All I know of is Belleayre, set for 11-10-07. Earliest I've seen as far as driveable distance for a day trip. Anyone else from the northeast recieved any news? It's been frigid since yesterday here in jersey, things are looking up.


----------



## Guest (Oct 29, 2007)

We got a little flurry of snow last night here in VT. Things are deff looking up.


----------



## Guest (Oct 30, 2007)

okemo's saying the 17th currently on their website


----------



## Guest (Oct 31, 2007)

Mountain Creek- December 15
But it probably wont be good until the end of january


----------



## rgrwilco (Oct 15, 2007)

xenster said:


> All I know of is Belleayre, set for 11-10-07. Earliest I've seen as far as driveable distance for a day trip.

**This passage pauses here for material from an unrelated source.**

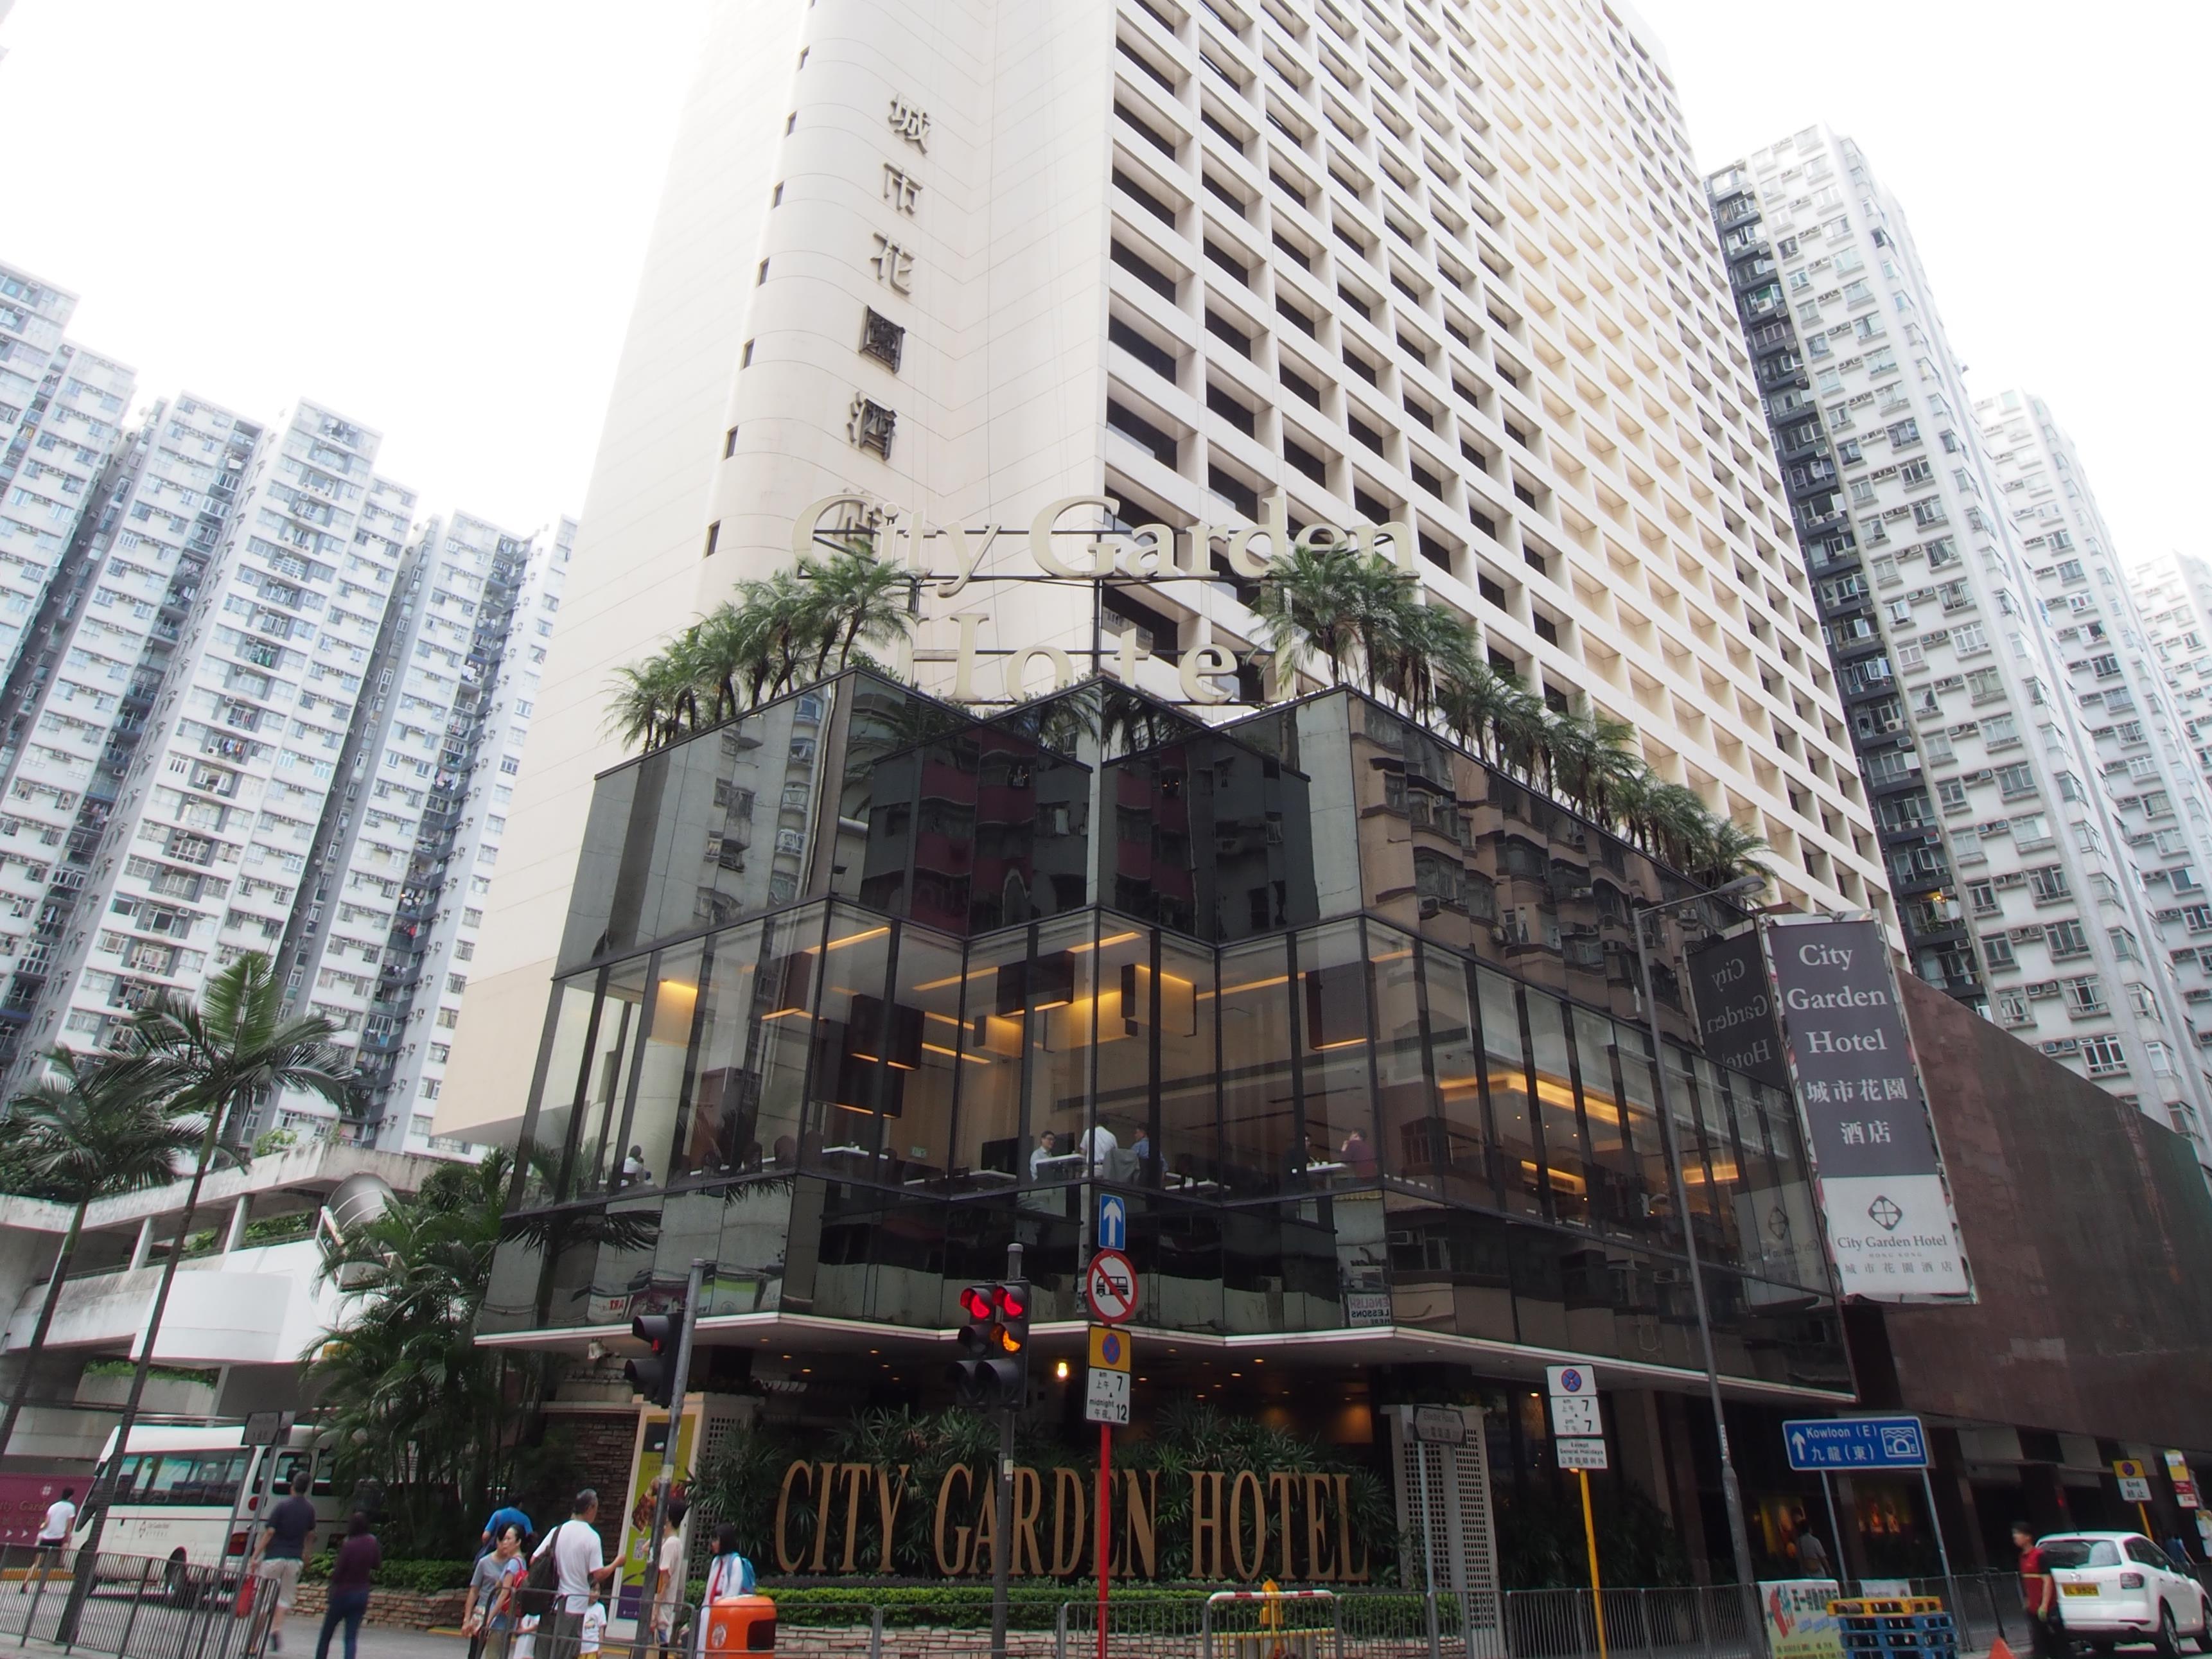 City Garden Hotel Hong Kong FAQ 2016, What facilities are there in City Garden Hotel Hong Kong 2016, What Languages Spoken are Supported in City Garden Hotel Hong Kong 2016, Which payment cards are accepted in City Garden Hotel Hong Kong , Hong Kong City Garden Hotel room facilities and services Q&A 2016, Hong Kong City Garden Hotel online booking services 2016, Hong Kong City Garden Hotel address 2016, Hong Kong City Garden Hotel telephone number 2016,Hong Kong City Garden Hotel map 2016, Hong Kong City Garden Hotel traffic guide 2016, how to go Hong Kong City Garden Hotel, Hong Kong City Garden Hotel booking online 2016, Hong Kong City Garden Hotel room types 2016.

Anyone else from the northeast recieved any news? It's been frigid since yesterday here in jersey, things are looking up.


im heading to belleayre if they open. if they arent open the 10th, im driving to either mt snow or anywhere else that is open. im away at school in north jersey so its 2 hours shorter of a drive than from my actual house in south jersey, i might as well take advantage of that.


----------



## Guest (Nov 1, 2007)

where in north jersey you going to school?


----------



## Guest (Nov 1, 2007)

mapquest says 4hrs and 12mins to belleayre from south jersey... sounds like a nice day trip. nothing beats being able to get atleast 1 day in, in November. 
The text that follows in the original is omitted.